_Data section:_
_ _ _

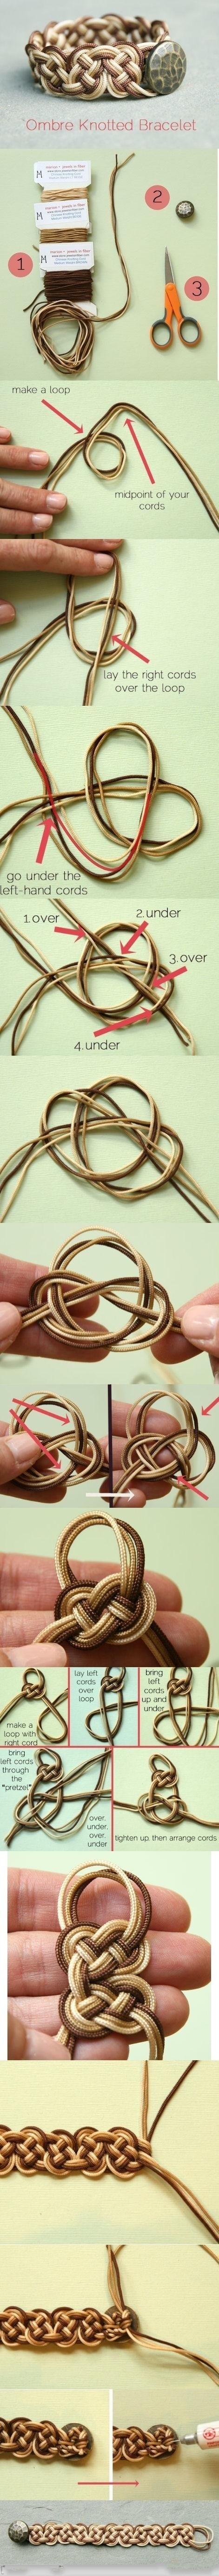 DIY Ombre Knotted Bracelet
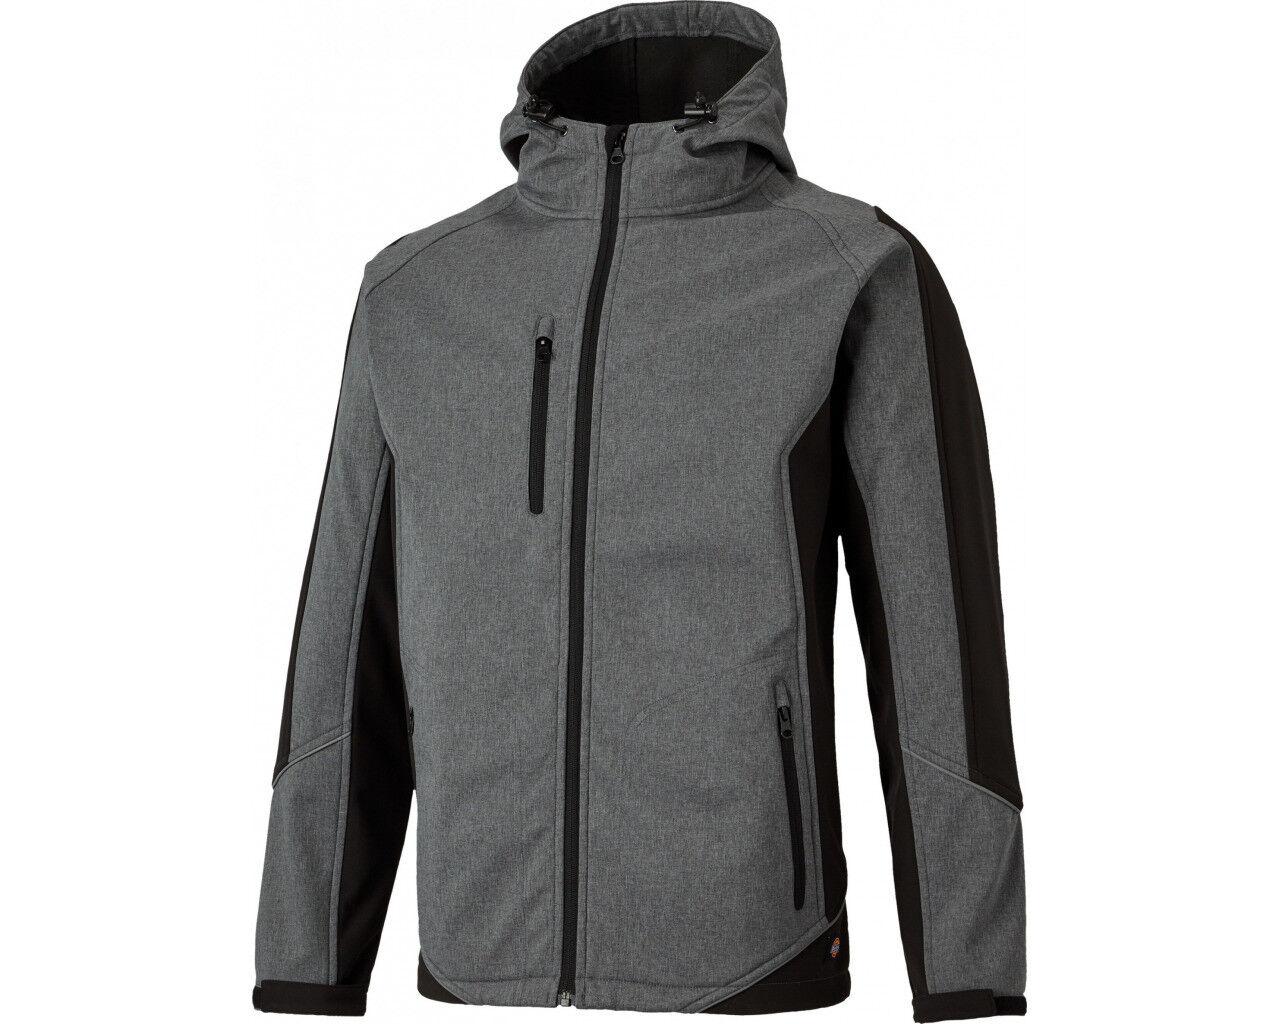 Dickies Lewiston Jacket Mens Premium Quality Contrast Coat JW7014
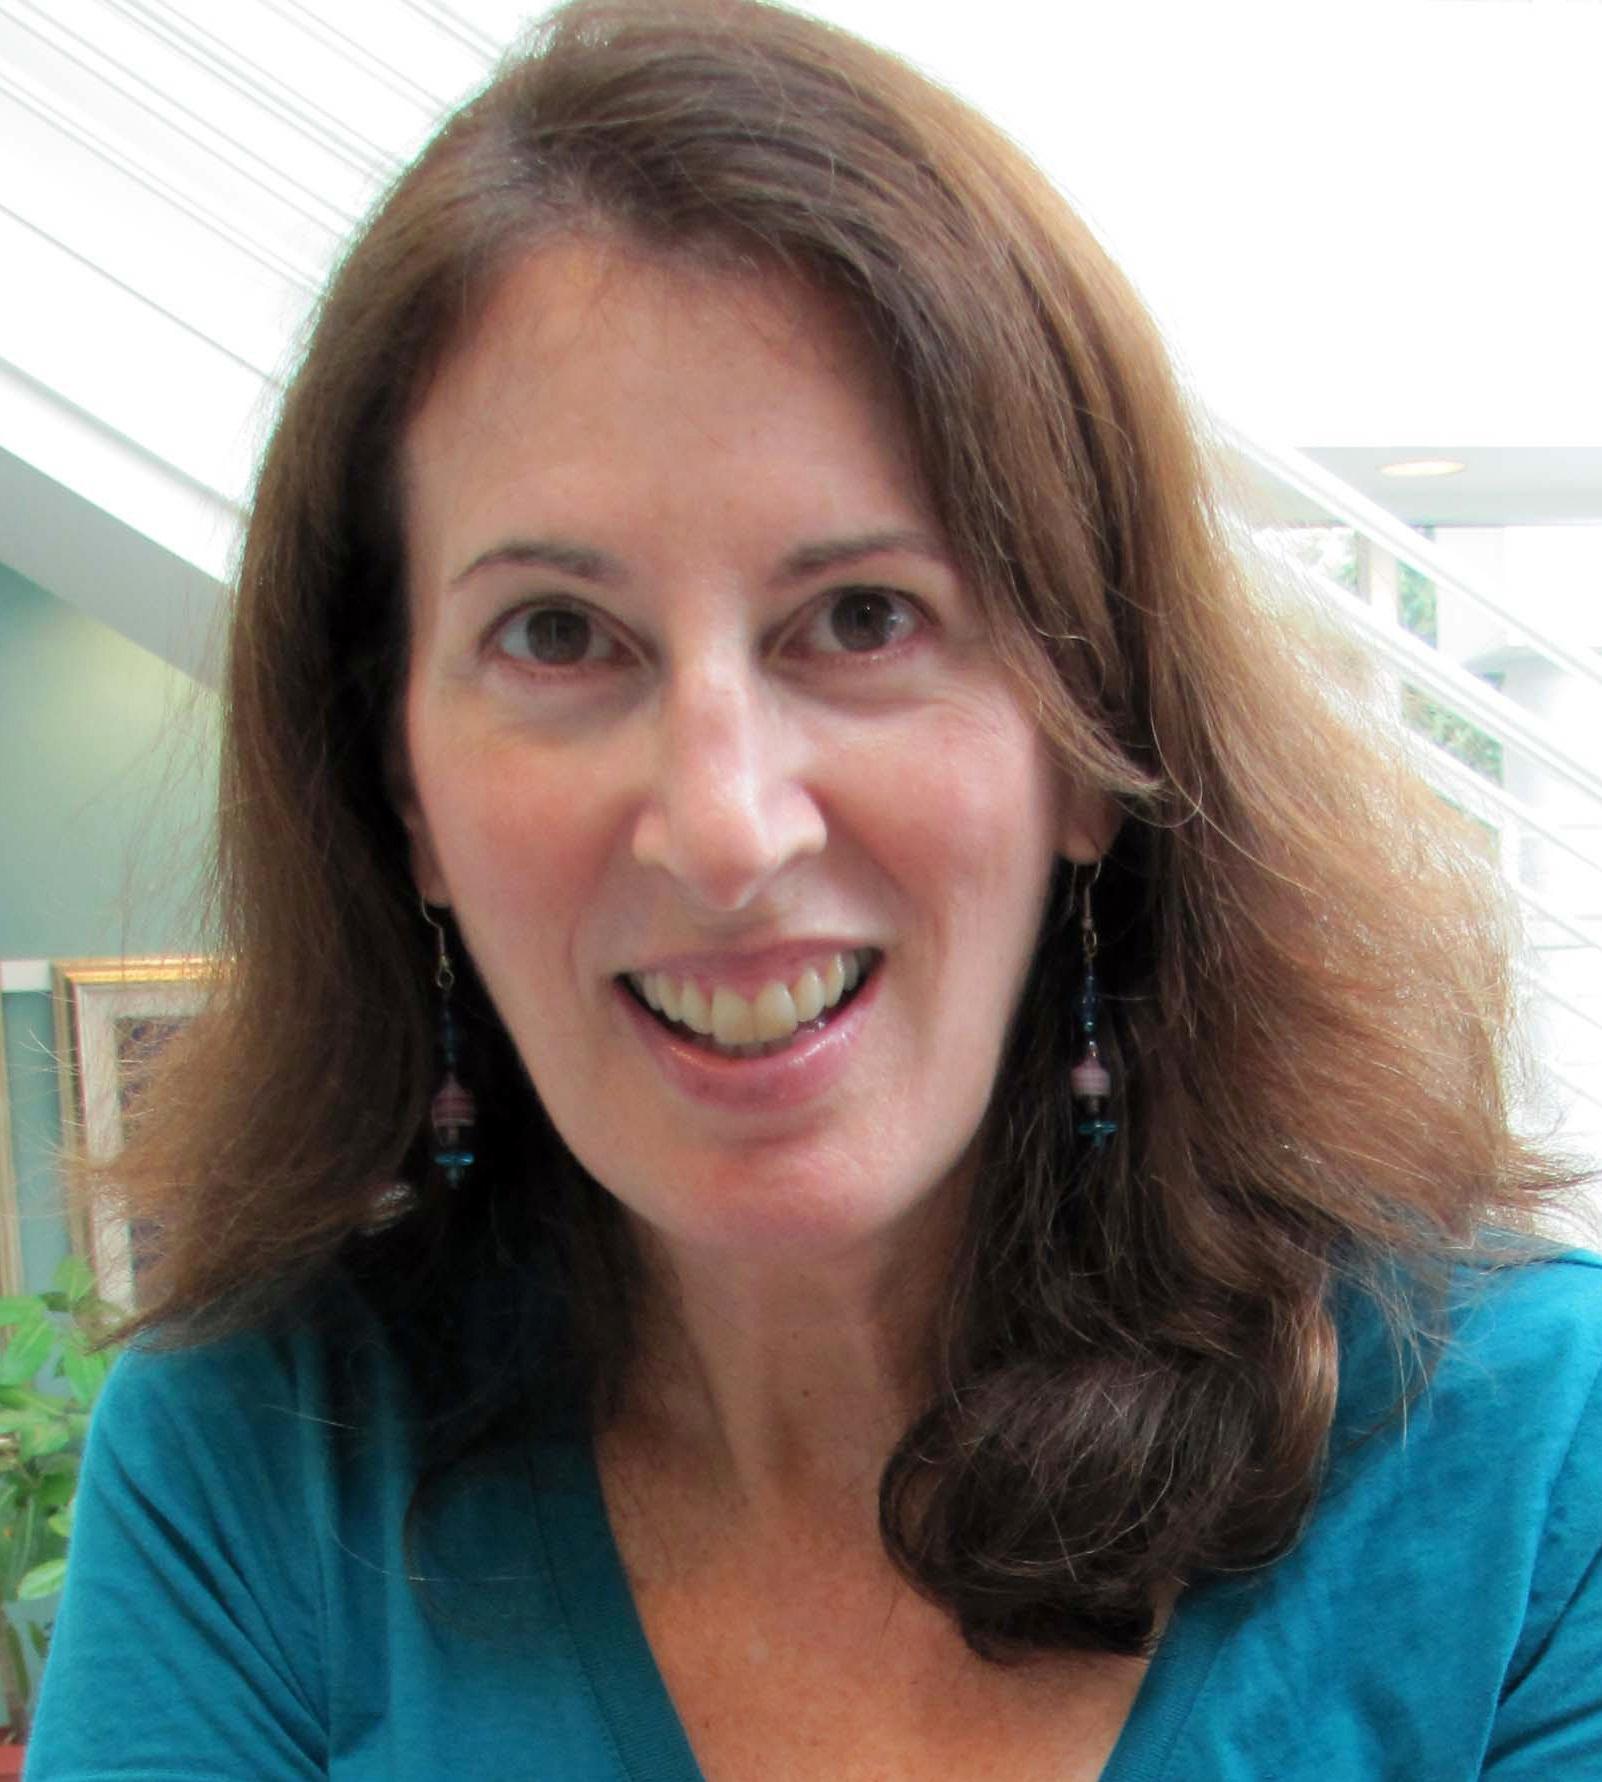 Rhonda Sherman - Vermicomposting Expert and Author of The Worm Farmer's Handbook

_ _ _

_Aim of the task:_ Reproduce every line of the material precisely, omitting its pictures.

_Output below:_
 DIY Ombre Knotted Bracelet
 Dickies Lewiston Jacket Mens Premium Quality Contrast Coat JW7014
 Rhonda Sherman - Vermicomposting Expert and Author of The Worm Farmer's Handbook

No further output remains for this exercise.